Wstrząśnięta masakrycznym widokiem zniszczonej przepięknej alei Indianka minęła trupy wyrżniętego szlachetnego drzewostanu i stanęła by sfotografować i nagrać zniszczoną przyrodę. Była wzburzona do głębi. Postanowiła, że coś z tym musi zrobić. Nie może być tak, że niszczy się bezkarnie i masowo pomniki przyrody - takie cudowne, piękne, wiekowe drzewa. Zrobione zdjęcia i zgłoszenie popełnienia przestępstwa przeciwko pomnikom przyrody wysłała do lokalnej prokuratury. Wezwała dzielnicowego, który niechętnie, ale przyjechał. Niechętnie obejrzał drzewa. Prosiła go, aby się zajął sprawą i ustalił, kto to zrobił. Okazało się, że to Powiatowy Zarząd Dróg wyciął te zabytki przyrody za zgodą i pozwoleniem Urzędu Gminy Kowale Oleckie. Podobno te święta drzewa zostały przerobione na... banalne palety... Po pewnym czasie przyszło pismo z prokuratury, w którym Indianka została poinformowana, że prokuratura odmawia zajęcia się tym problemem. Przykre. Zabrakło w pobliżu prawdziwych ekologów i doświadczonych prawników d/s ekologii. Indianka jako jedyny prawdziwy ekolog w gminie sama nie dała rady obronić drzew. Poległy wszystkie. Ma gdzieś na dysku uszkodzonego komputera zdjęcie tej alei za jej życia zrobione latem. To był przepiękny kompleks parkowy drzew. Dawał cień w upalne dnie. Górował majestatycznie nad całą okolicą. Szumiał soczyściezielonymi, lśniącymi dużymi liśćmi... Było tak piękne i sielankowo wśród tych drzew spacerować drogą... Już ich nie ma. Zostało tylko karczowisko składające się z martwych, potężnych pni wielkości stołów.

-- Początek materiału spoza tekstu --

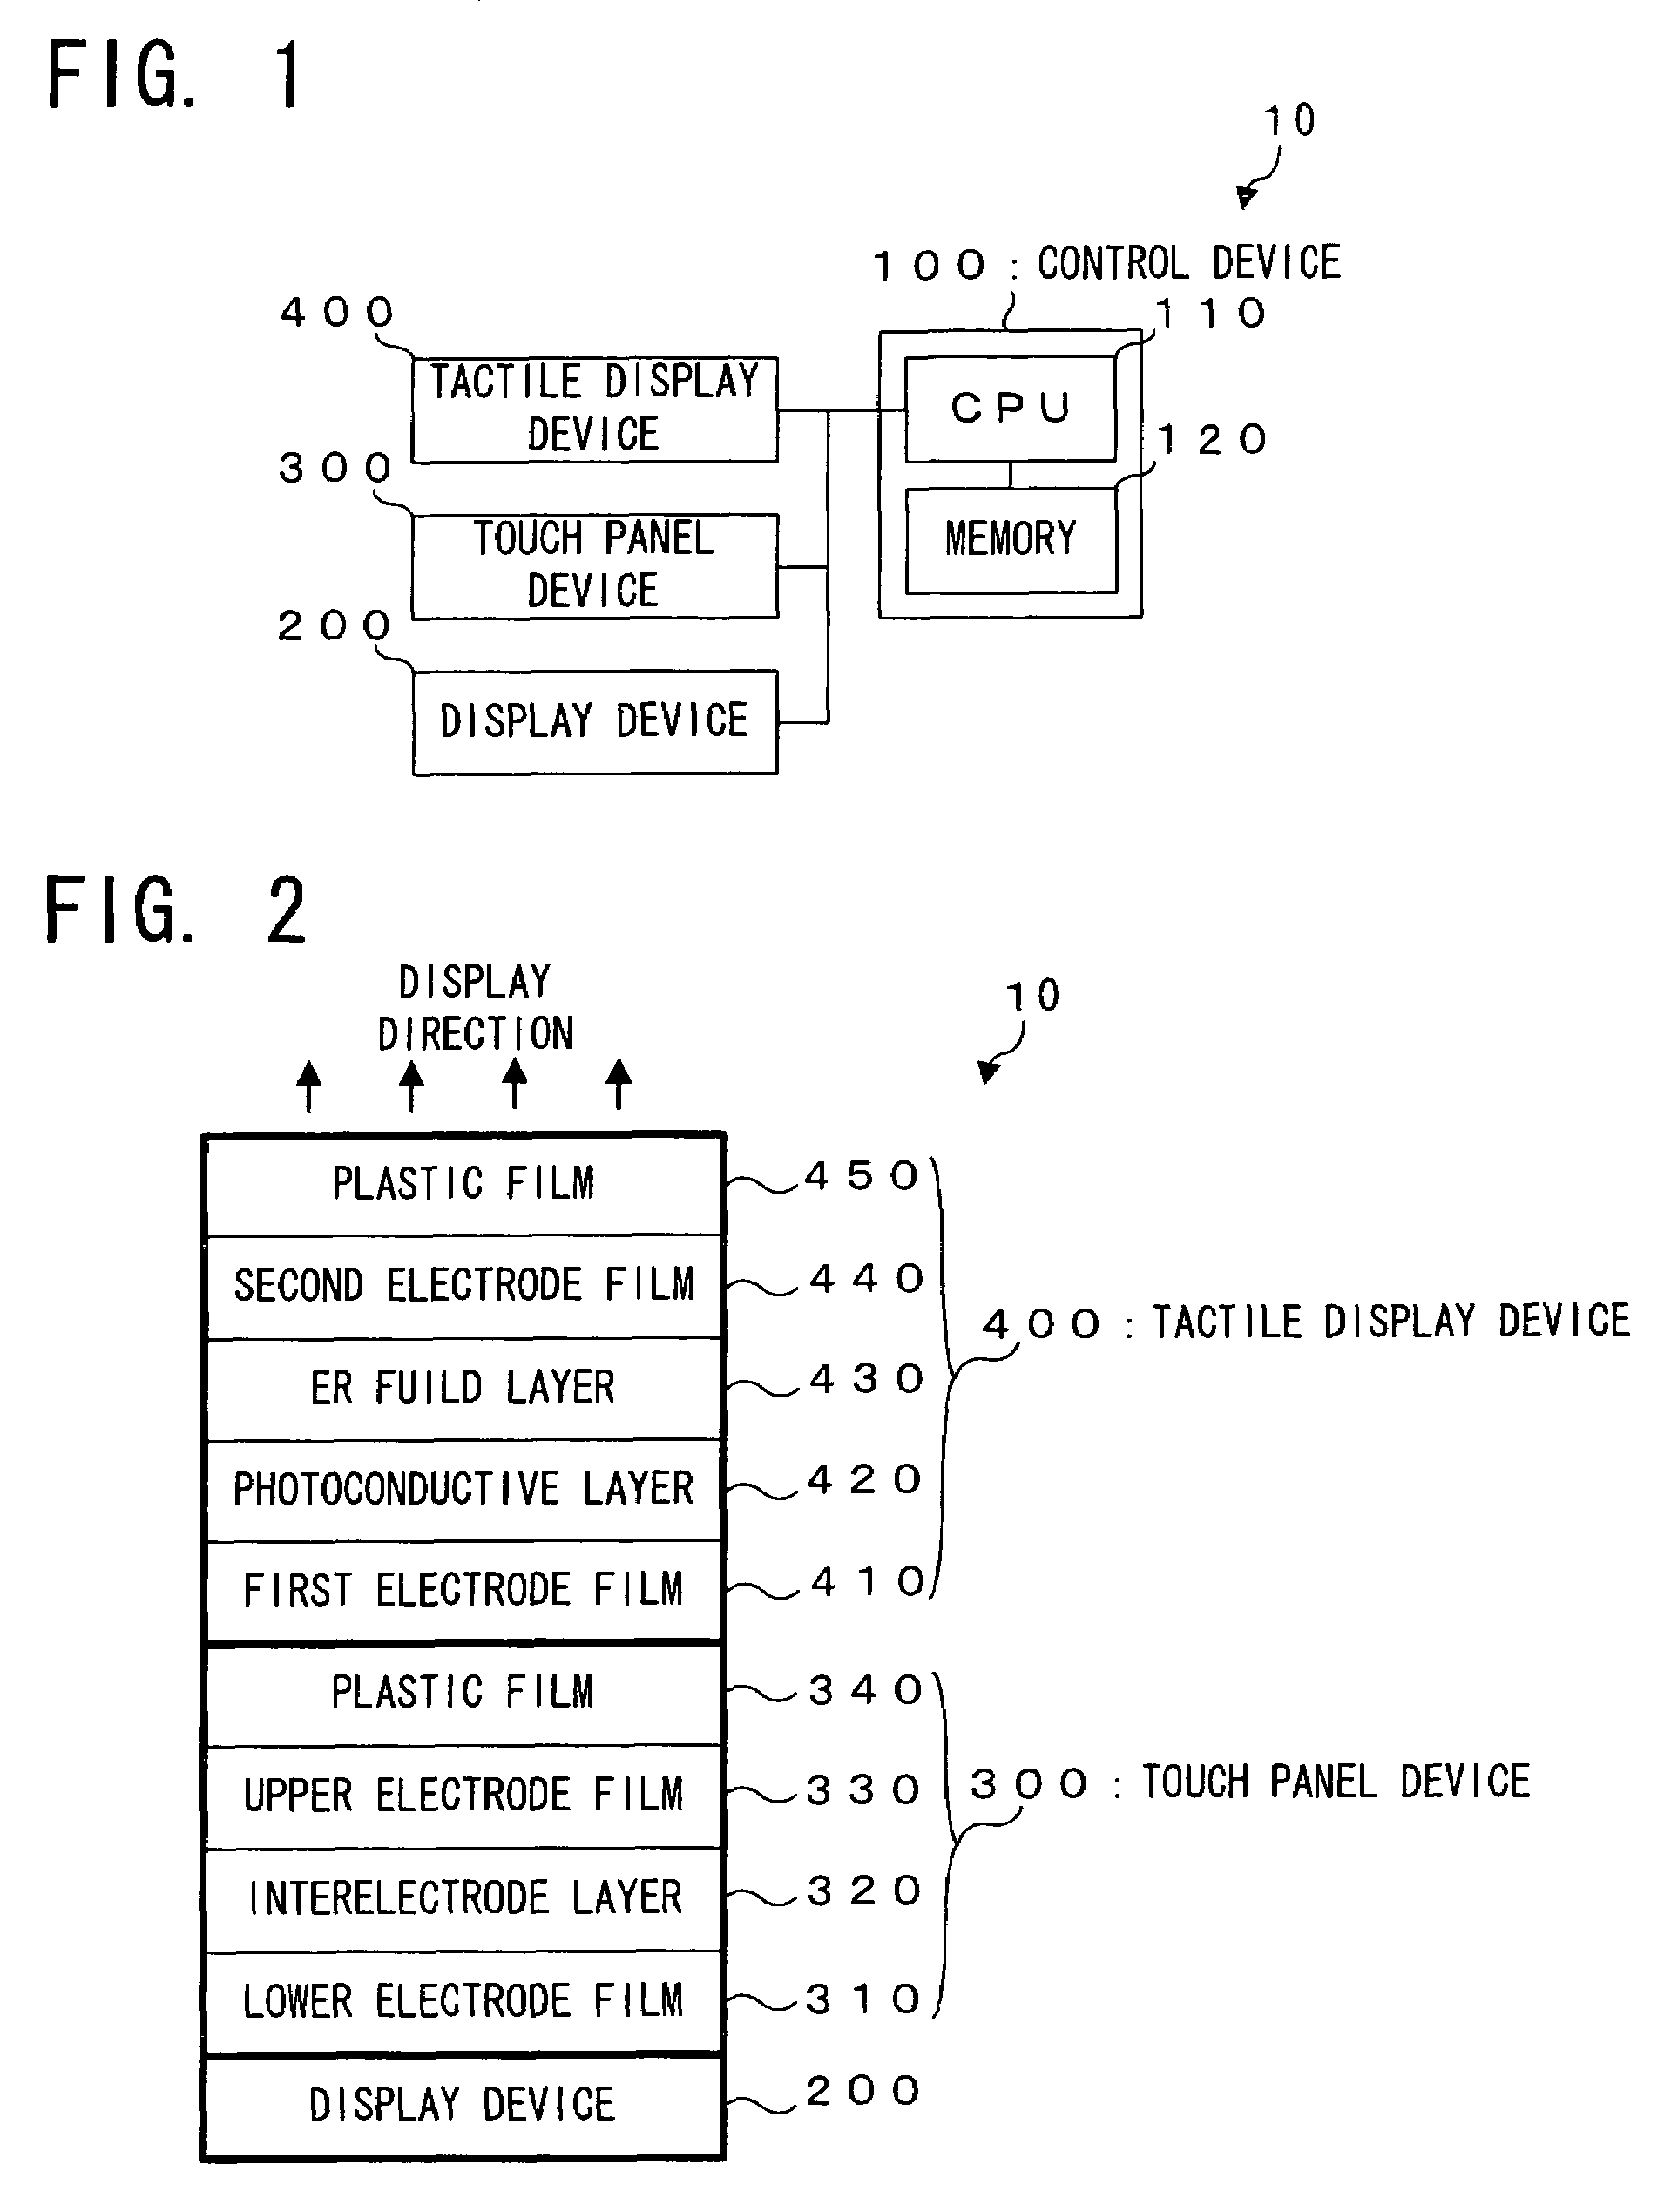 Tactile display device and touch panel apparatus with tactile display function using electrorheological fluid

Śliską drogą udała się do domu. Droga pokryta warstwą śniegu migotała miliardem zielonych, niebieskich, turkusowych, złotych i kryształowych iskier...

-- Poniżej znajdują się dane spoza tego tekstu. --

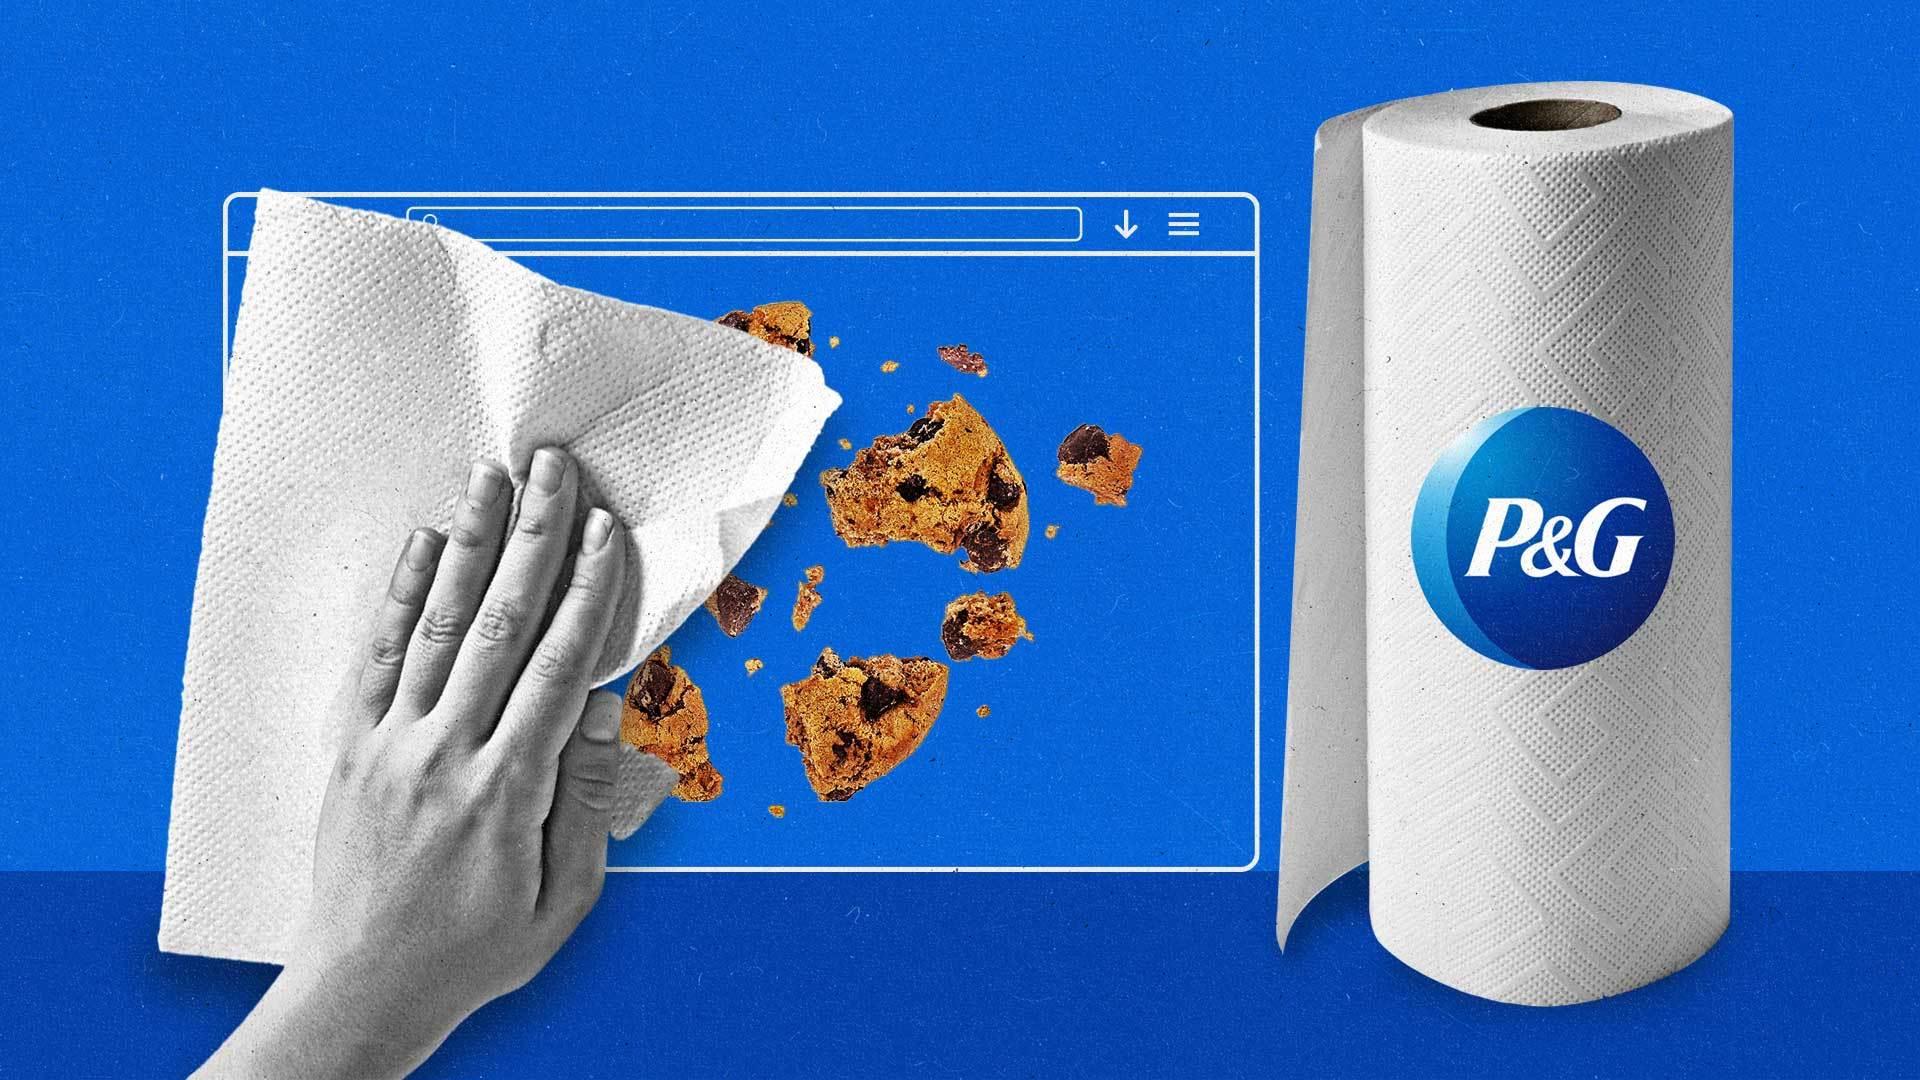 Paper towel roll with P&G logo overlayed next to an internet window with cookie crumbs on it being wiped away.

Pod koniec trasy musiała przejść ciężki kawałek – 500 metrów śnieżnej, twardej i śliskiej czapy.

Z wielkim mozołem przemierzała lodową czapę, z trudem wyrywając stopy ze zlodowaciałego śniegu.


W połowie pola padła wyczerpana w śnieg by odpocząć. Towarzysząca jej dalmatynka uwaliła się na niej całym ciężarem spasionego ciała wywołując głośne protesty Indianki i wkurzone przygwożdżeniem do śniegu wierzgnięcia. Po krótkiej szamotaninie suka zlazła z wyczerpanej marszem przez głęboki, zlodowaciały śnieg Indianki i położyła się obok, ale po chwili znów próbowała wgnieść Indiankę mocniej w śnieg, więc Indianka wstała i ruszyła dalej do domu ciągnąc za sobą torbę z zakupami.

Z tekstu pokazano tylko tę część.